POI XSSF / XLSX hashing indeterminism with Message

2020-06-06 02:14发布

问题:

There seems to be a problem with getting deterministic hash values for the POI XLSX format, with MessageDigest SHA-256 implementation, even for empty ByteArray streams. This happens randomly, after several hundreds or even only thousands of iterations.

The relevant code snippets used to reproduce the problem:

// TestNG FileTest:
@Test(enabled = true) // indeterminism at random iterations, such as 400 or 1290
public void emptyXLSXTest() throws IOException, NoSuchAlgorithmException {
    final Hasher hasher = new HasherImpl();
    boolean differentSHA256Hash = false;
    for (int i = 0; i < 10000; i++) {
        final ByteArrayOutputStream excelAdHoc1 = BusinessPlanInMemory.getEmptyExcel("xlsx");
        final ByteArrayOutputStream excelAdHoc2 = BusinessPlanInMemory.getEmptyExcel("xlsx");

        byte[] expectedByteArray = excelAdHoc1.toByteArray();
String expectedSha256 = hasher.sha256(expectedByteArray);
byte[] actualByteArray = excelAdHoc2.toByteArray();
String actualSha256 = hasher.sha256(actualByteArray);

if (!expectedSha256.equals(actualSha256)) {
            differentSHA256Hash = true;
            System.out.println("ITERATION: " + i);
            System.out.println("EXPECTED HASH: " + expectedSha256);
            System.out.println("ACTUAL HASH: " + actualSha256);
            break;
        }
    }
    Assert.assertTrue(differentSHA256Hash, "Indeterminism did not occur");
}

Referenced Hasher and POI code:

// HasherImpl class:
public String sha256(final InputStream stream) throws IOException, NoSuchAlgorithmException {
    final MessageDigest digest = MessageDigest.getInstance("SHA-256");
    final byte[] bytesBuffer = new byte[300000]; 
    int bytesRead = -1;
    while ((bytesRead = stream.read(bytesBuffer)) != -1) {
        digest.update(bytesBuffer, 0, bytesRead);
    }
    final byte[] hashedBytes = digest.digest();
    return bytesToHex(hashedBytes);
}

Tried to eliminate indeterminism due to meta data like creation time, to no avail:

// POI BusinessPlanInMemory helper class:
public static ByteArrayOutputStream getEmptyExcel(final String fileextension) throws IOException {
    Workbook wb;

    if (fileextension.equals("xls")) {
        wb = new HSSFWorkbook();
    }
    else {
        wb = new XSSFWorkbook();
        final POIXMLProperties props = ((XSSFWorkbook) wb).getProperties();
        final POIXMLProperties.CoreProperties coreProp = props.getCoreProperties();
        coreProp.setCreated("");
        coreProp.setIdentifier("1");
        coreProp.setModified("");
    }

    wb.createSheet();

    final ByteArrayOutputStream excelStream = new ByteArrayOutputStream();
    wb.write(excelStream);
    wb.close();
    return excelStream;
}

The HSSF / XLS format seems not to be affected by the problem described.
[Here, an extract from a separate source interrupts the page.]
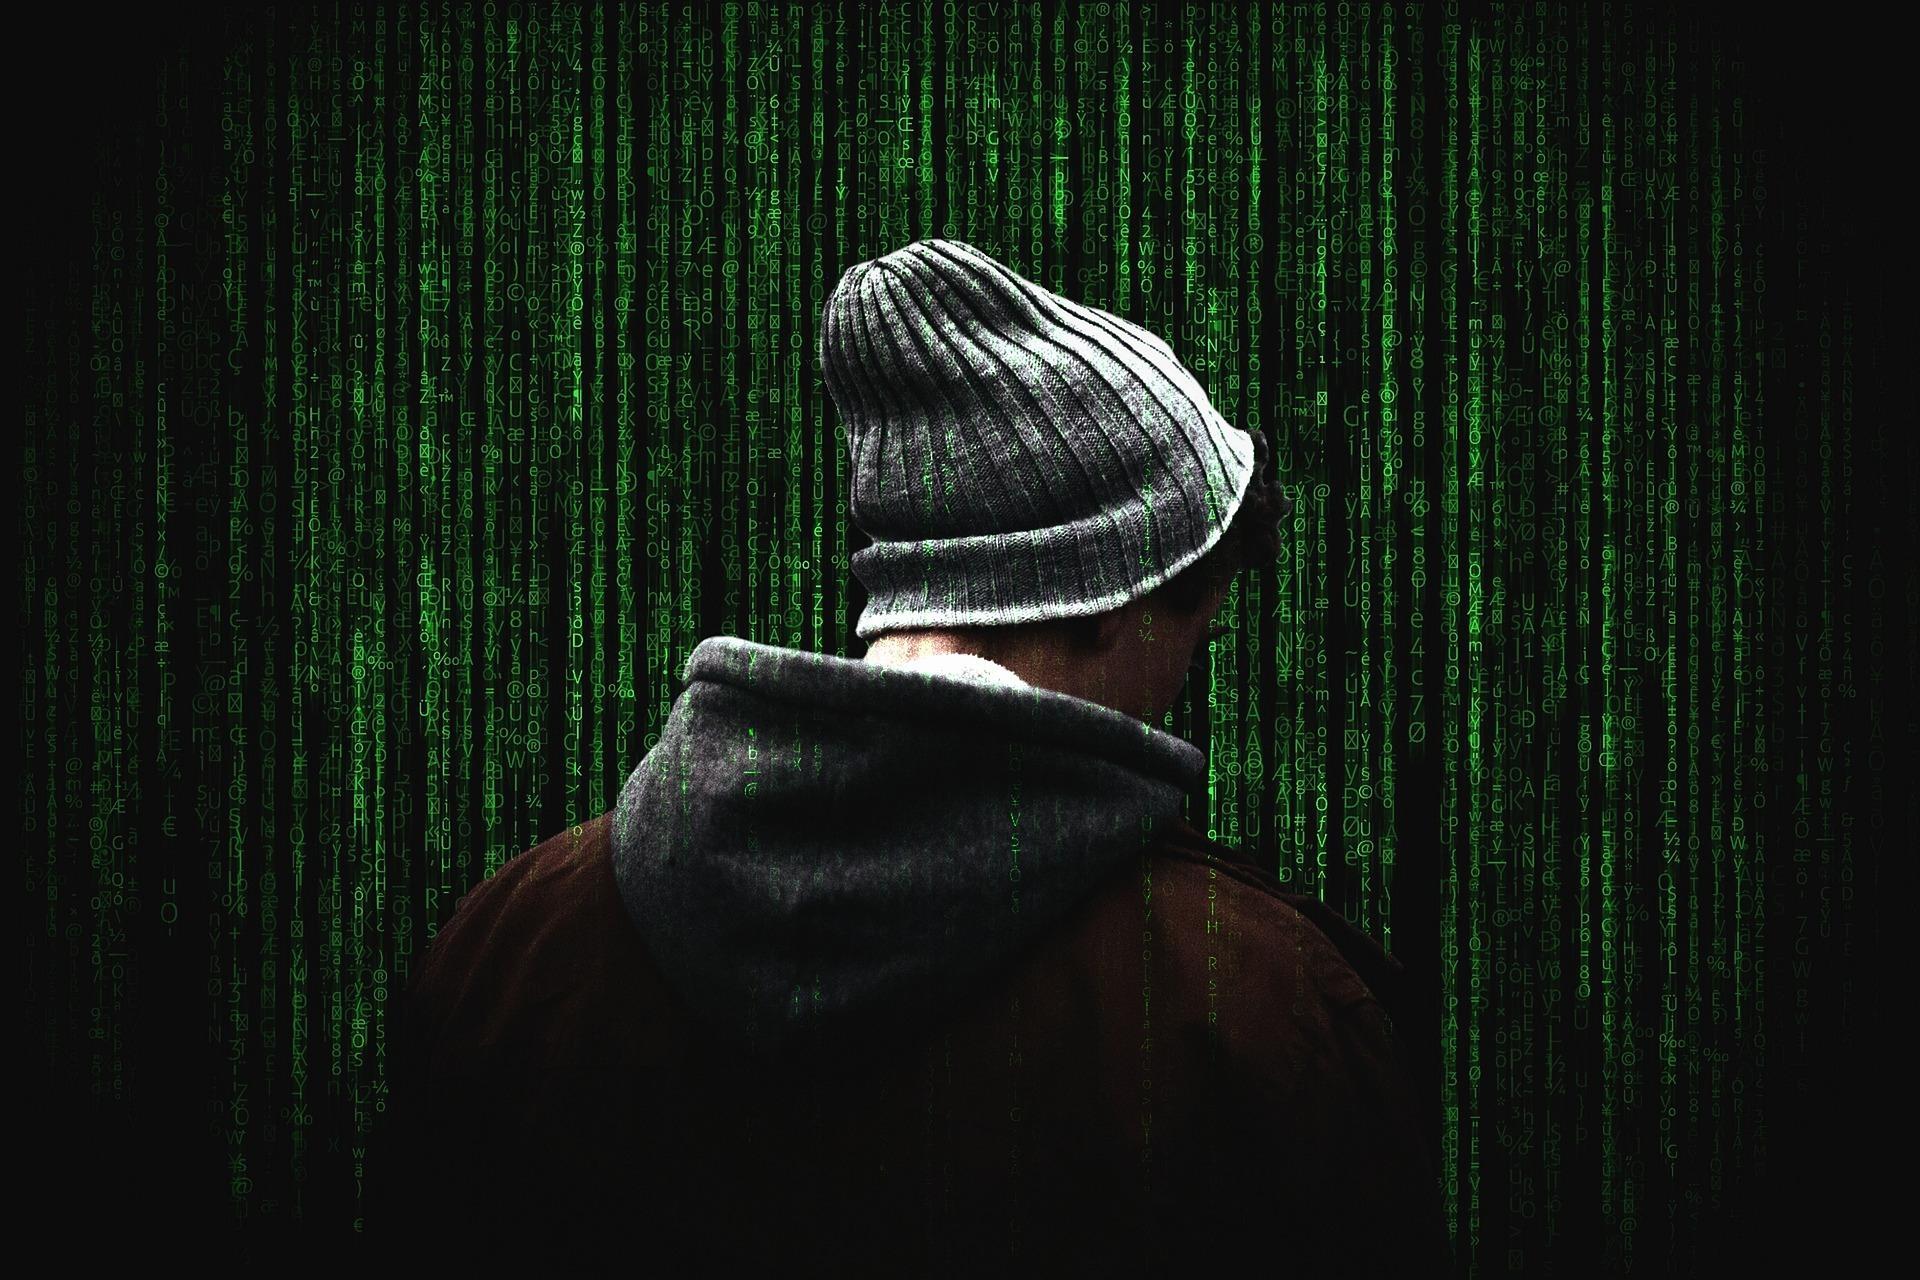 Das Computerprogramm auf dem Downloadportal

Does anybody have a clue, what could be causing this, if not a bug in POI itself? Basically, the code above refers to https://poi.apache.org/spreadsheet/examples.htmlBusinessPlan example

Thanks for your input!

回答1:

This is not a definitive answer but this is my suspicion what happens:

docx and xlsx file formats are basically a bunch of zipped-up xml-files. This can easily be seen when renaming them to .zip and opening with your favorite zip-tool.
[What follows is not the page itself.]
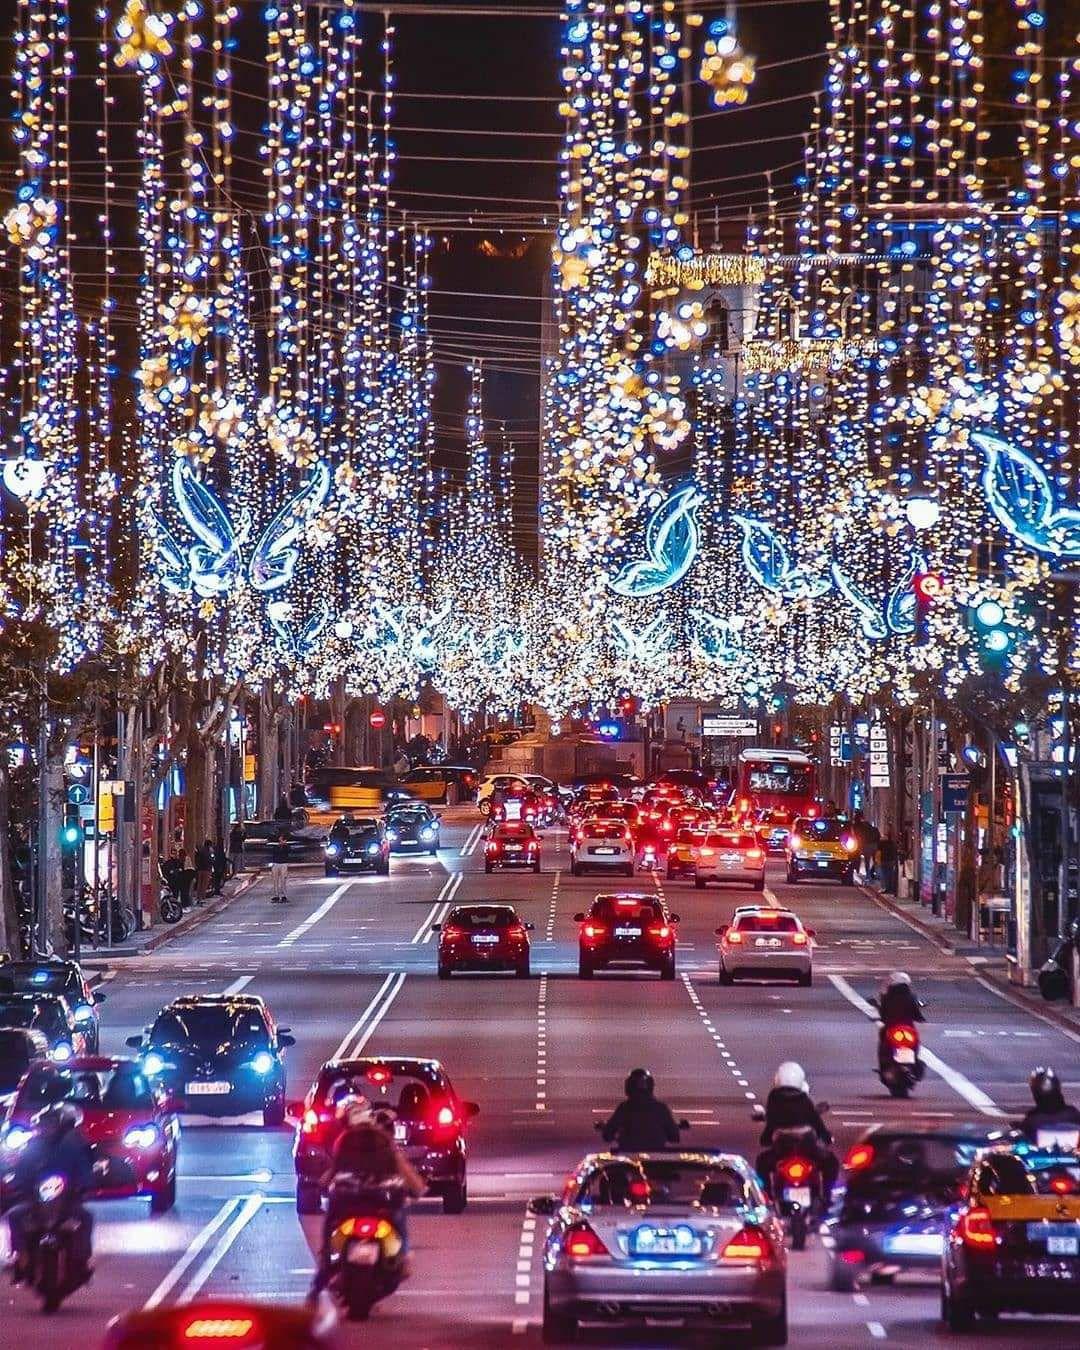 Les illuminations de Barcelone

When examining a file created by word I noticed that the change-timestamp of all files contained in the archive is always 1980-01-01 00:00:00 while in those created with POI it will show the actual timestamp the file was created.

So my I suspect that your problem occurs when there is a timestamp-difference between one or more of the files in excelAdHoc1 and excelAdHoc2. This might happen when the clock switches to the next second while creating one or the other file.

This would not affect XLS-files since the HSSF-format is not of the "zipped xml"-type and thus does not contain any nested files that might have different timestamps.

To change the timestamps after writing the file you could try using the `java.util.zip``-package. I haven't tested it but this should do the trick:

ZipFile file = new ZipFile(pathToFile);
Enumeration<ZipEntry> e = file.entries();
while(e.hasMoreElements()) {
    ZipEntry entry = e.nextElement();
    entry.setTime(0L);
}


回答2:

Ok, I've found a way to reset all XSLX file entry file time attributes, according to some example found here at SO. Unfortunately, only file entries seem to be accessible by methods like via ZipFile or OPCPackage. I could not find a solution to also access and reset the folders inside the archive, which also have differing time attributes.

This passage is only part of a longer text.